Exercise requirements:
Transcribe all data verbatim. Skip the pictures.
*** Data ***
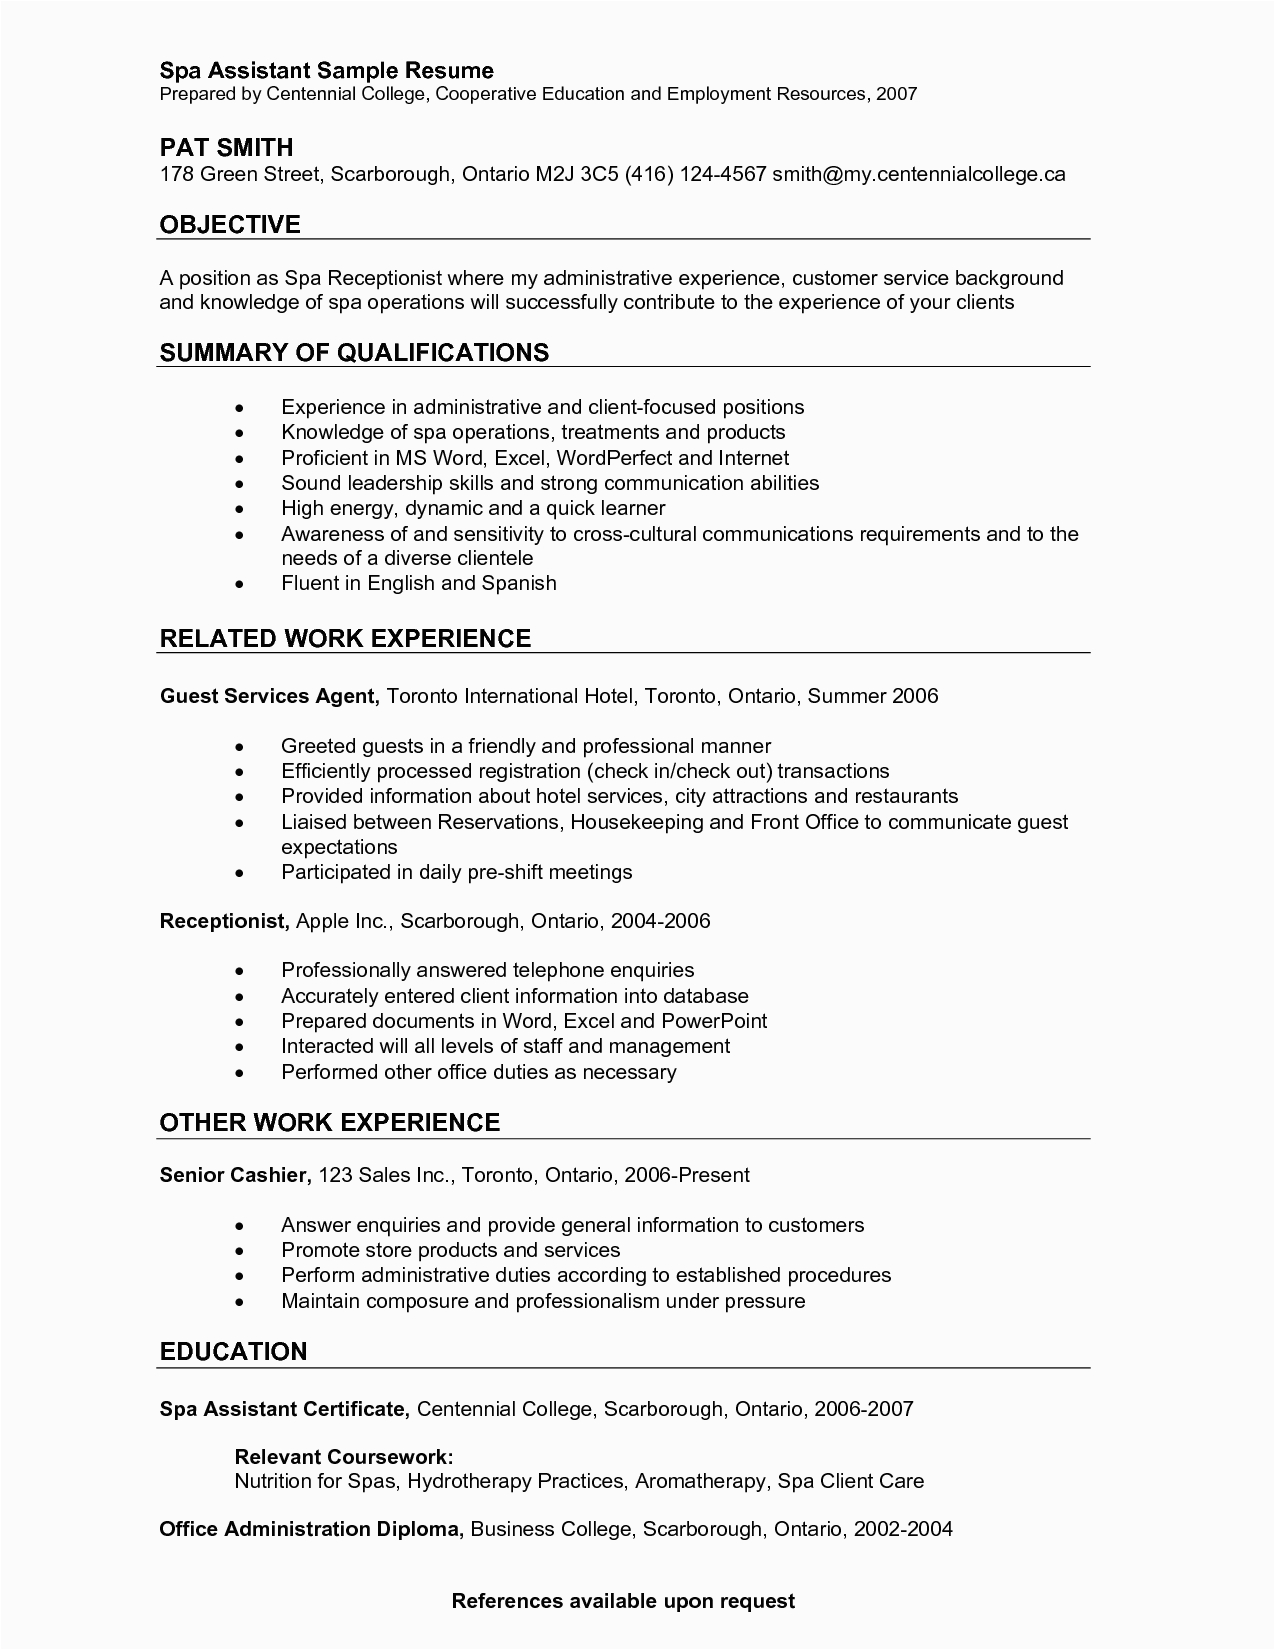 Sample Resume Objectives for Medical Receptionist Medical Receptionist Resume Objective Samples
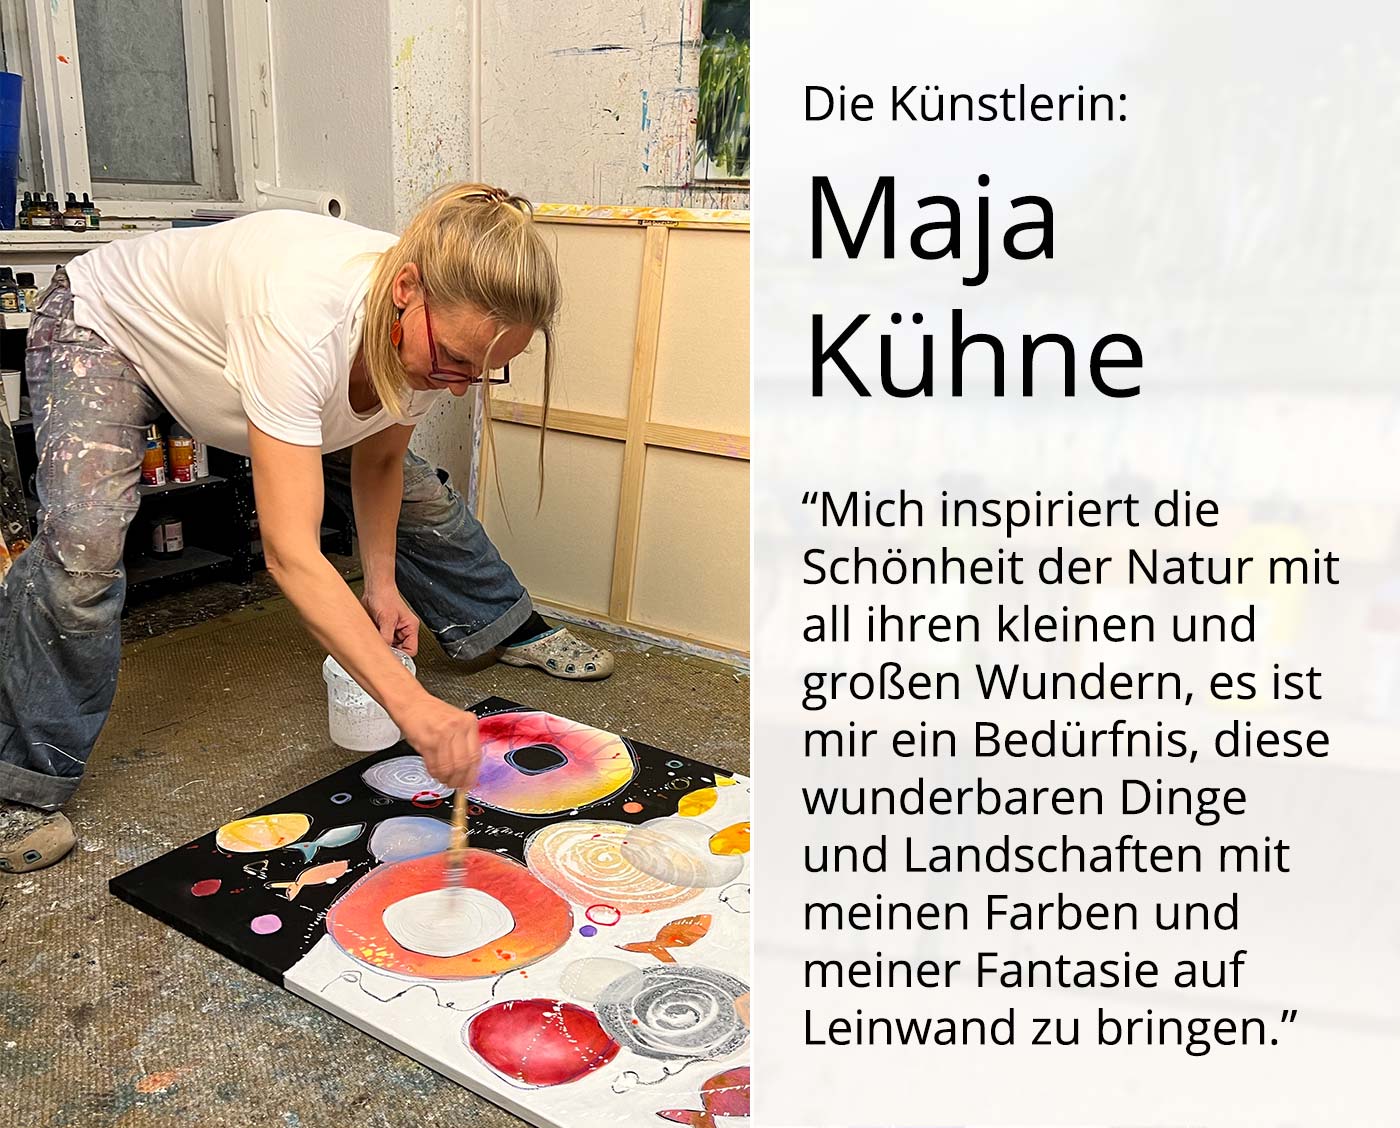 M. Kühne: "Im Frühlingslicht", Edition, signierter Kunstdruck
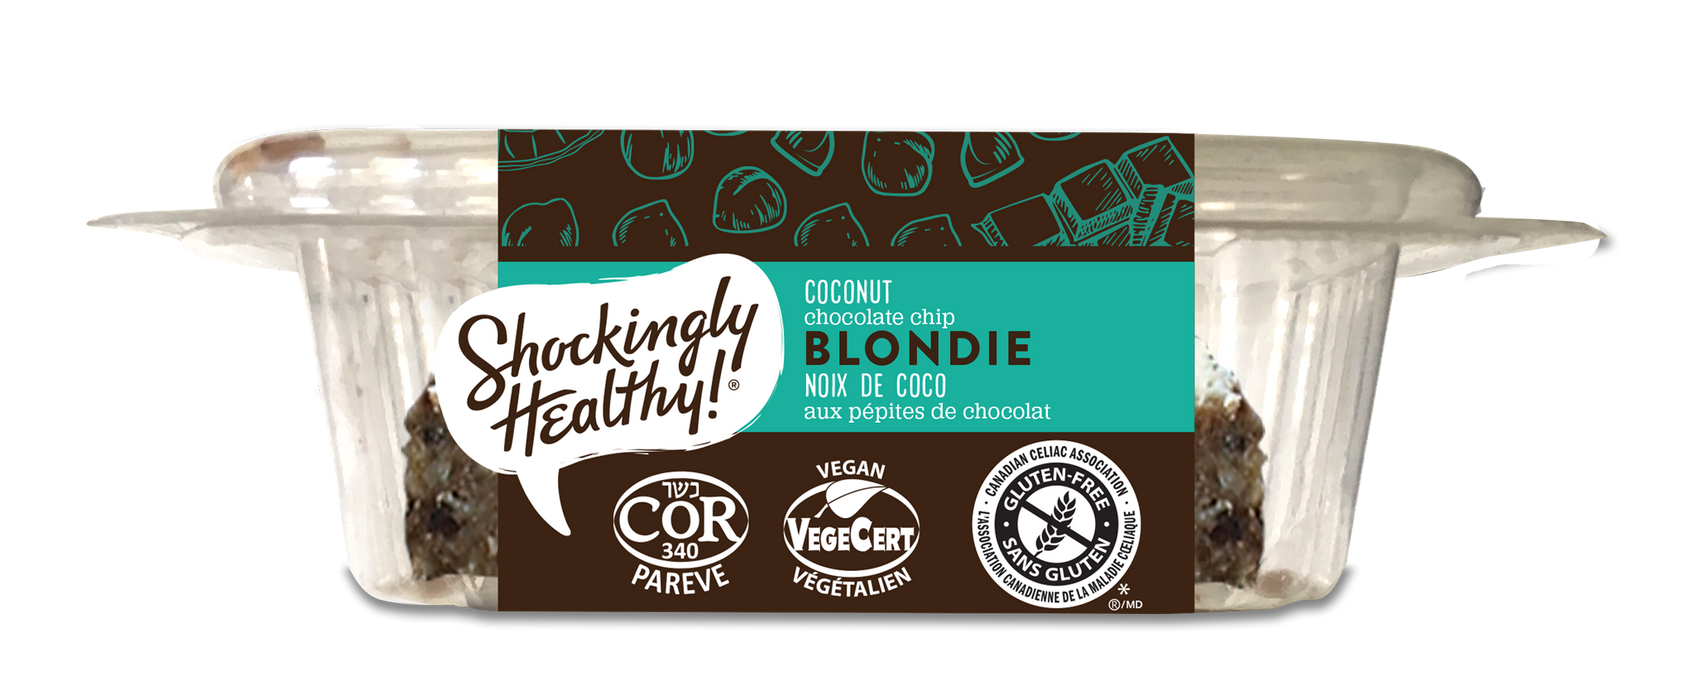 Shockingly Healthy! Gluten Free Coconut Chocolate Chip Blondie(70g)  **GTA ONLY**
*** End of Data ***
Answer for this exercise:
 Sample Resume Objectives for Medical Receptionist Medical Receptionist Resume Objective Samples
 M. Kühne: "Im Frühlingslicht", Edition, signierter Kunstdruck
 Shockingly Healthy! Gluten Free Coconut Chocolate Chip Blondie(70g)  **GTA ONLY**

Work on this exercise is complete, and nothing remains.